Становится понятным, почему именно Гусев, а не Павел Иваныч, должен был подняться «наверх». Свойственная ему архаичная образность (судно, которое наехало на рыбину; ветер, который сорвался с цепи) – именно та, что необходима автору для того, чтобы изобразить «космическое» равнодушие к человеческой жизни. Мы видим стихию глазами Гусева, но не потому ли, что сам он сродни стихии? Гусев родственен океану и пароходу в том, что, как и они, «не боится ни потемок, ни ветра, ни пространства, ни одиночества». Он также родственен небу – волей к смыслу и жалости, которая противопоставляется океану. В сцене на палубе эта воля заявляет о себе словами героя: «А ничего нету страшного <…> Только жутко, словно в темном лесу сидишь, а ежели б, положим, спустили сей час на воду шлюпку и офицер приказал ехать за сто верст в море рыбу ловить – поехал бы. Или, скажем, крещеный упал бы сейчас в воду – упал бы и я за им» (7: 337).

Важно, что воля к смыслу и жалости не является для Гусева результатом осознанного выбора, нравственного пробуждения. Она дана ему, а значит, и любому, всякому человеку (не случайно, что Гусев – «рядовой»), изначально. Она естественна, природна ничуть не в меньшей степени, чем неодухотворенная стихия.

В самом Гусеве, как уже говорилось, есть свое небо и свой океан. Небо Гусева – это его родина и родные, с которыми Господь «привел повидаться». Океан Гусева – «бычья голова без глаз». Последняя – не просто внешняя сила, но и темный лик самого героя. Он – на той ступени развития, где еще не осознана ценность любой человеческой жизни, независимо от вероисповедания или социального положения. «Порядок такой», – говорит Гусев, словно бы заранее соглашаясь на всё, что делают с ним и остальными.

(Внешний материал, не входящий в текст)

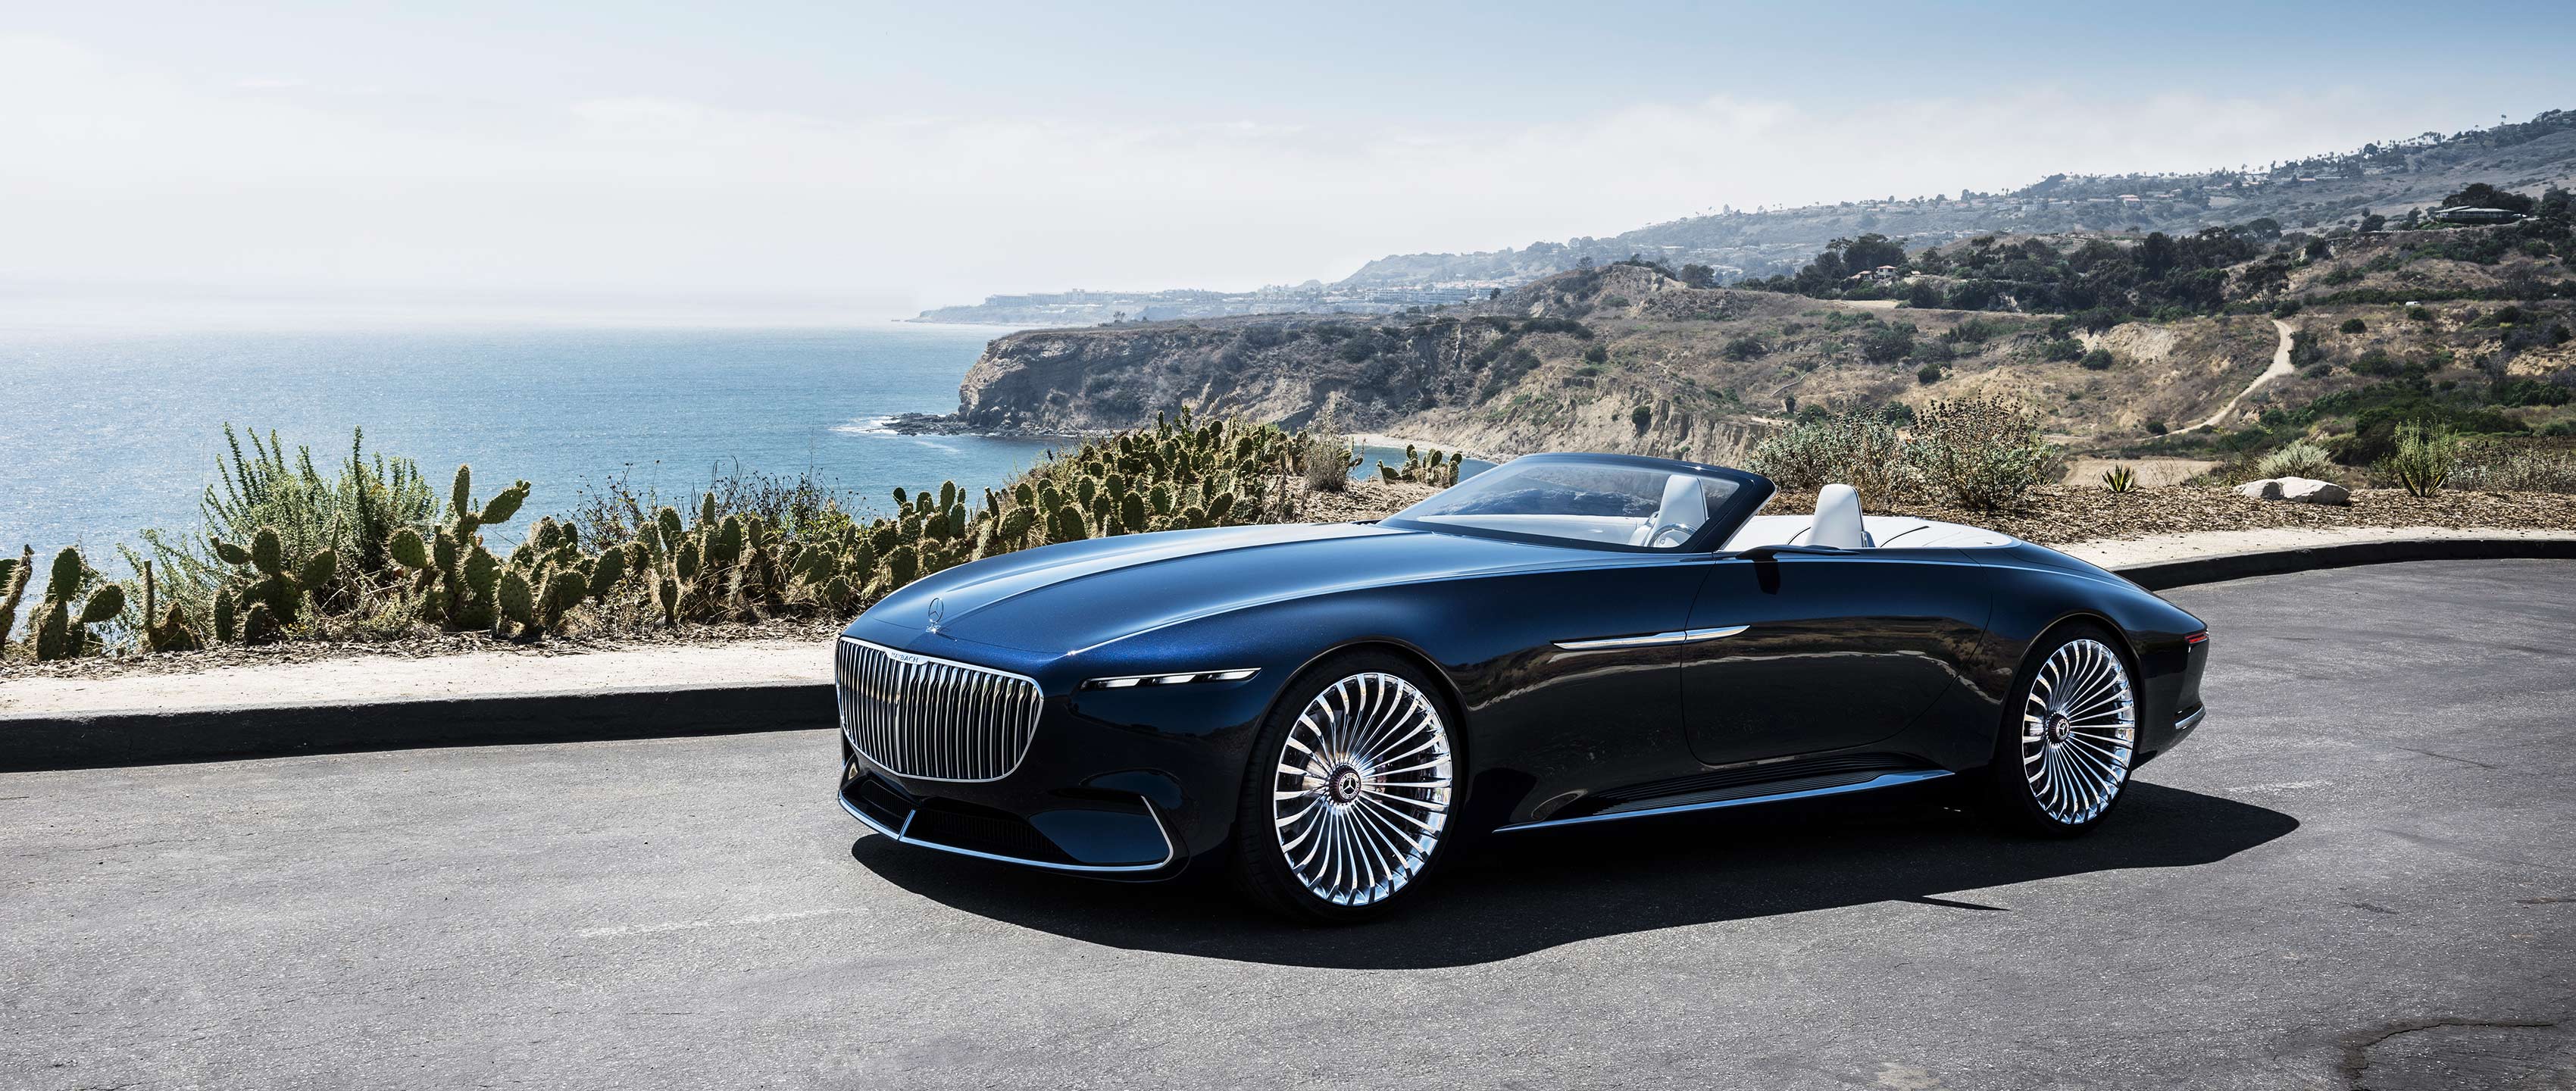 00-mercedes-benz-vehicles-vision-mercedes-maybach-6-cabriolet-3400x1440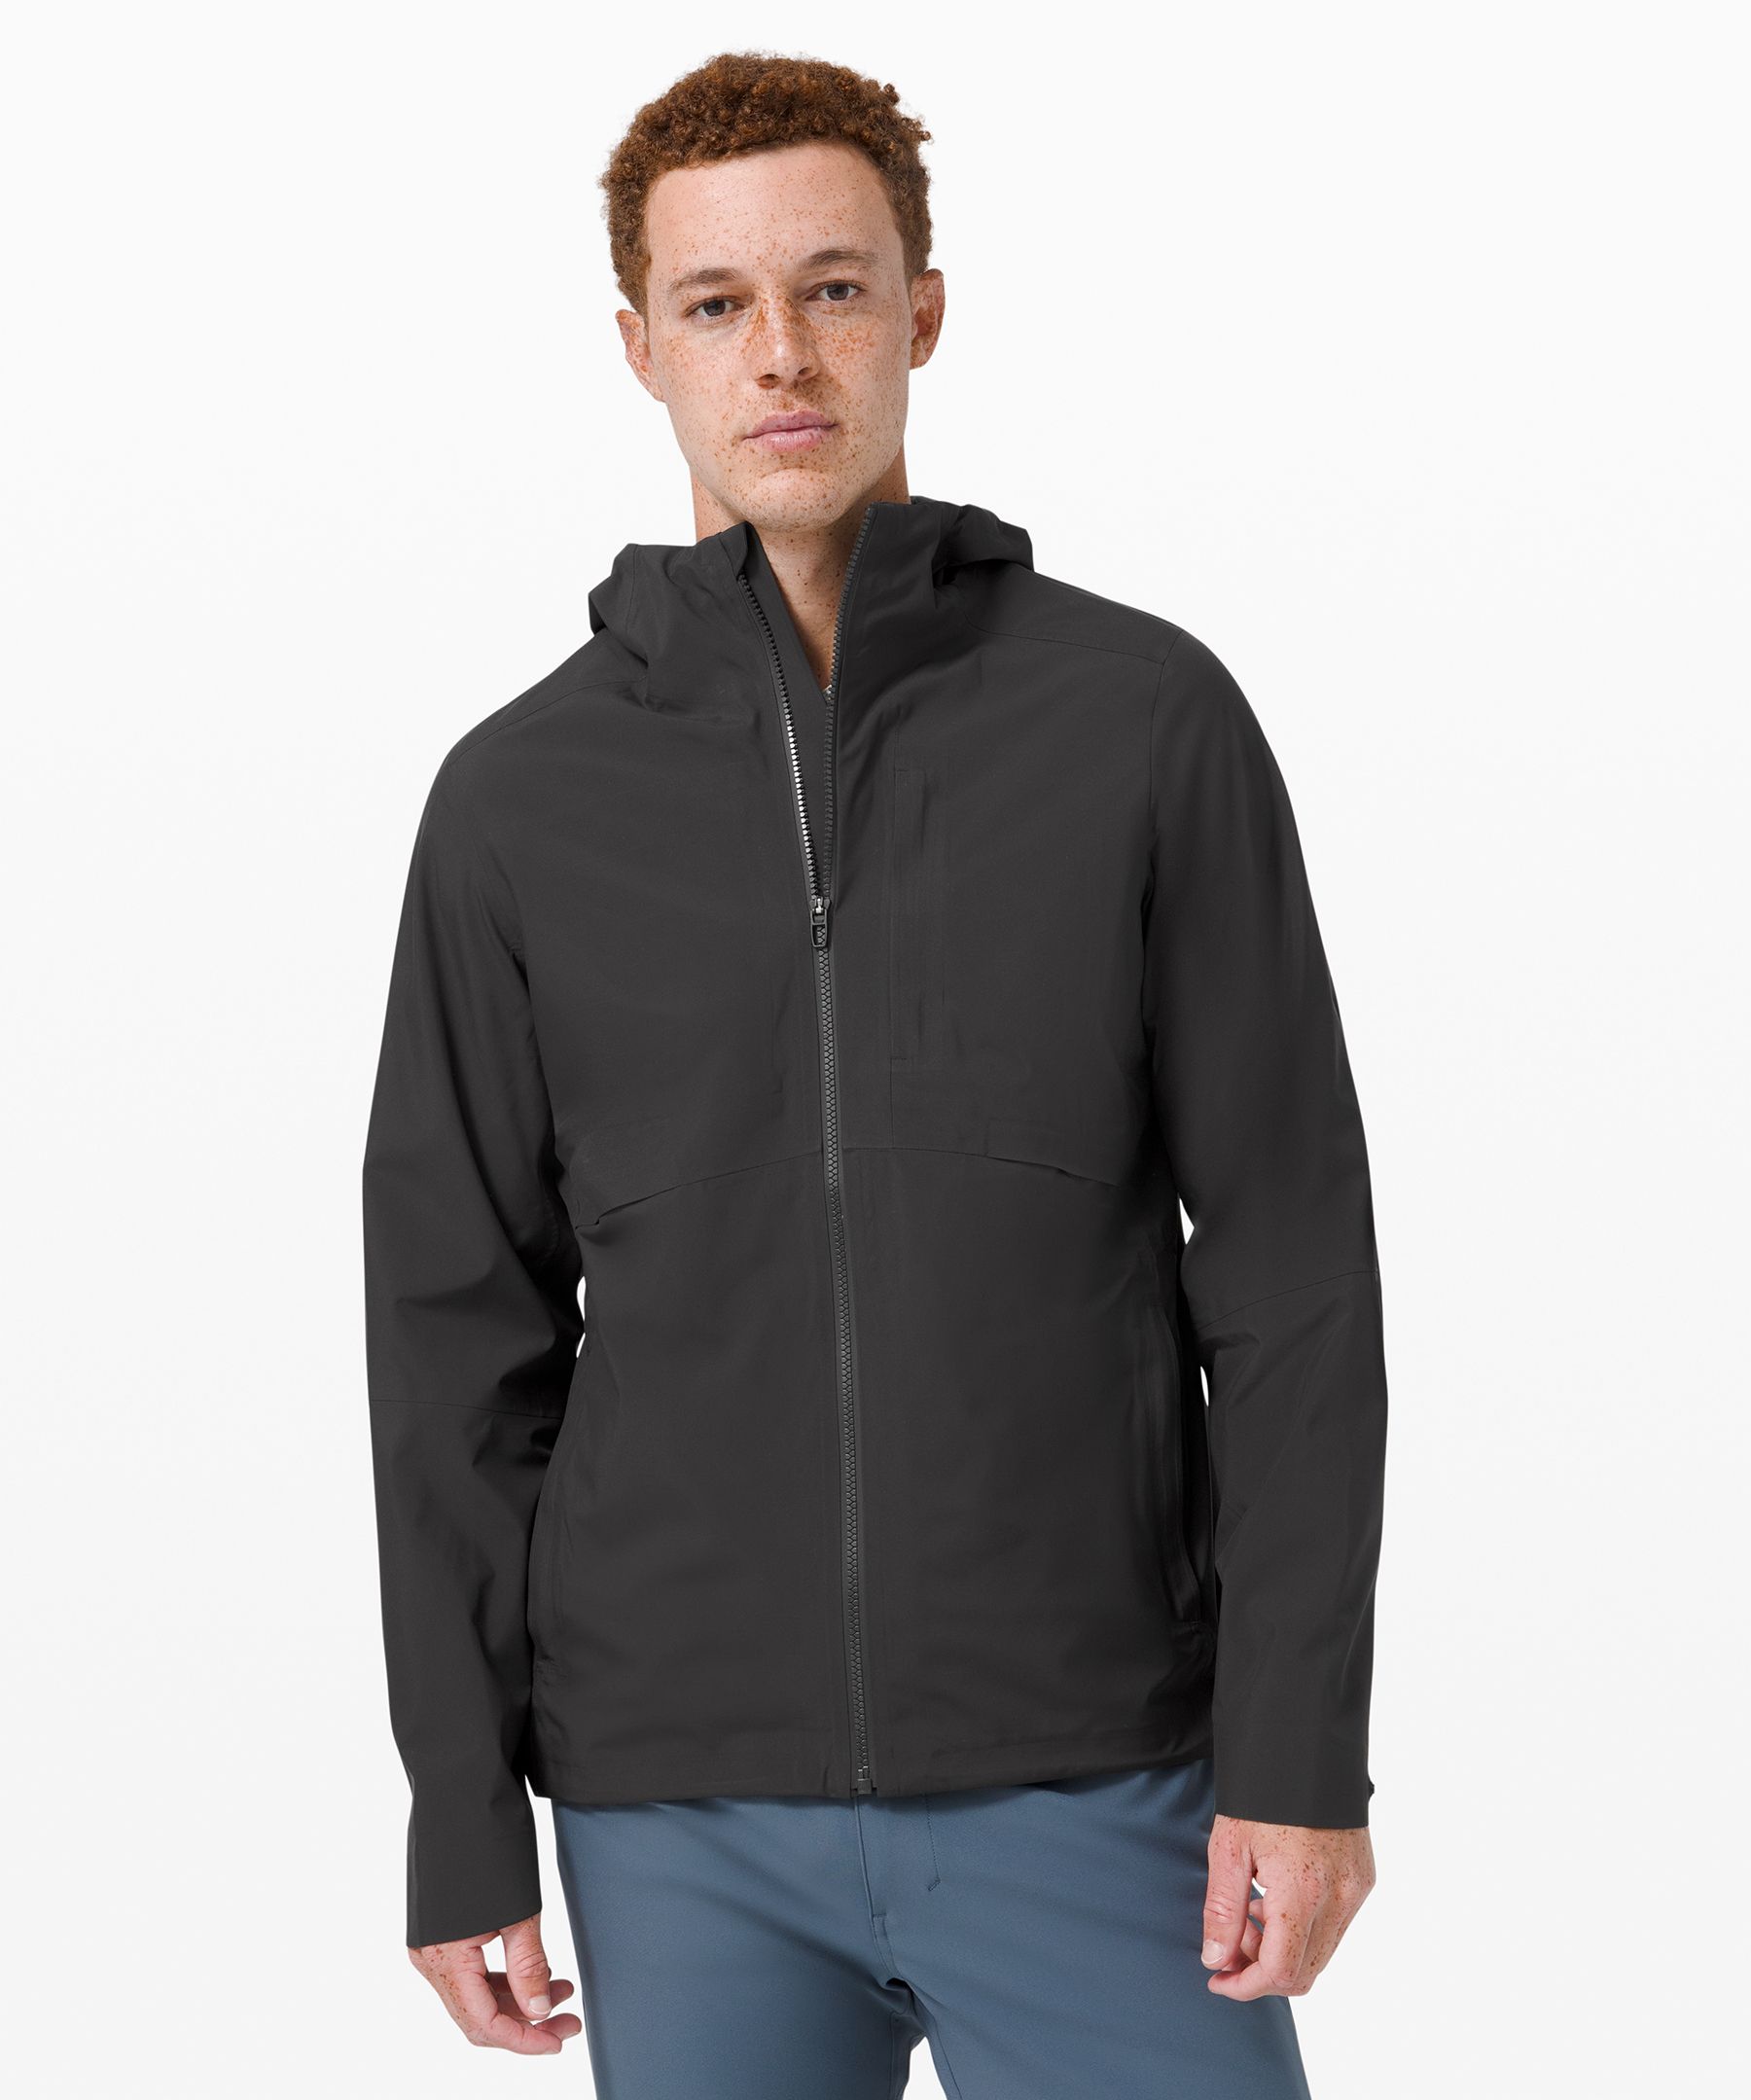 Outpour Shell Jacket | Men's Jackets +

Слепая покорность соединяется в нем, как показывают воспоминания героя о службе, со вспышками агрессии и нетерпимости.

Итак, небо, океан и человек не существуют отдельно друг от друга. Силовые линии океана и неба проходят сквозь человека, поставленного в центр повествования. Вольно или невольно он участвует в их противостоянии и влияет на его исход. Ни в небе, ни в океане нет ничего такого, чего не было бы в самом человеке. Они взаимопроницаемы, иначе говоря – зарифмованы; между ними действует закон подобия большого и малого, макро– и микромира.

Эти подобие и взаимообусловленность не обязательно отменяют представления о «равнодушной» природе. Природа у Чехова равнодушна к «короткой жизни человека». Природа у Чехова восприимчива к человеческой потребности в смысле и жалости; более того, сама же и взывает к ним. Цель автора не в том, чтобы утвердить или опровергнуть одно из этих суждений и даже не в том, чтобы показать «возможность противоположных решений». Цель его – в том, чтобы создать между полюсами поле напряжения, поместив своего протагониста в центр противостояния.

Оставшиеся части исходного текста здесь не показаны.